代码之家 › 专栏 › 技术社区 › TCCV

Regex替换嵌套令牌

regex java

TCCV · 技术社区 · 9 年前

我需要采用正则表达式模式并用程序转义大括号。输入正则表达式将匹配以下模式(标记前、标记后和标记之间的文本):

&{token1}
&{token1}&{token2}&{tokenN...}
&{token1&{token2&{tokenN...}}}

到目前为止,除了嵌套标记之外,我对所有内容都很满意。这就是我所拥有的。

regex = regex.replaceAll("(&)(\\{)([^{}]+)(\\})", "$1\\\\$2$3\\\\$4");

我也尝试过使用迭代和递归,但我遇到的问题是,一旦最里面的标记被转义,它就会打乱匹配。
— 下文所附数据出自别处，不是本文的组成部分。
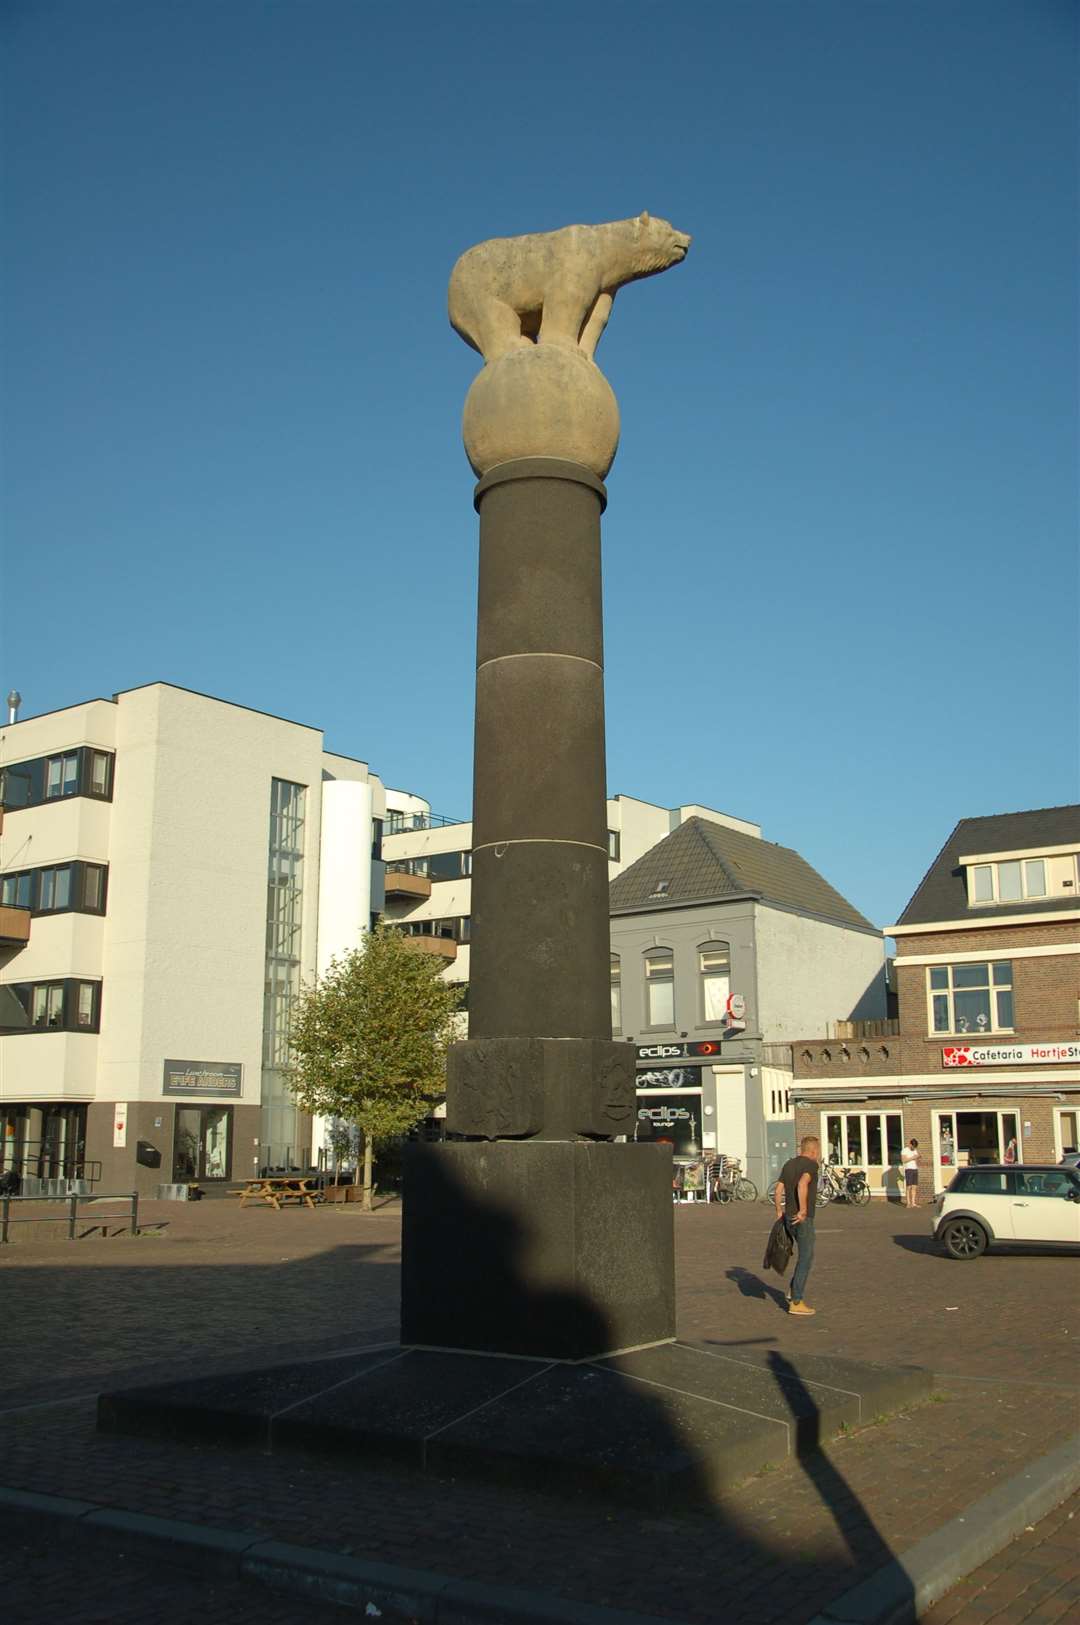 The Polar Bear monument to the British troops who liberated Roosendaal.

我尝试过负面的外观,但这并没有达到我的预期。它将只匹配/替换最里面的令牌。

regex = regex.replaceAll("(&)(\\{)([^(?<!\\\\{)|(?<!\\\\})]+)(\\})", "$1\\\\$2$3\\\\$4");

有什么建议吗?提前感谢。

编辑:示例输入/输出

&{token1}   //input
&\{token1\} //output

&{token1}&{token2}&{tokenN...}        //input
&\{token1\}&\{token2\}&\{tokenN...\}  //output

&{token1&{token2&{tokenN...}}}        //input
&{token1&{token2&\{tokenN...\}}}      //output
&\{token1&\{token2&\{tokenN...\}\}\}  //expected output

//To throw a wrench into it, normal quantifiers should not be escaped
text{1,2}&{token1&{token2&{tokenN...}}}        //input
text{1,2}&{token1&{token2&\{tokenN...\}}}      //output
text{1,2}&\{token1&\{token2&\{tokenN...\}\}\}  //expected output

编辑2:此过程之外发生的情况示例:标记将被解析为文本,最后,它应该是一个有效的正则表达式。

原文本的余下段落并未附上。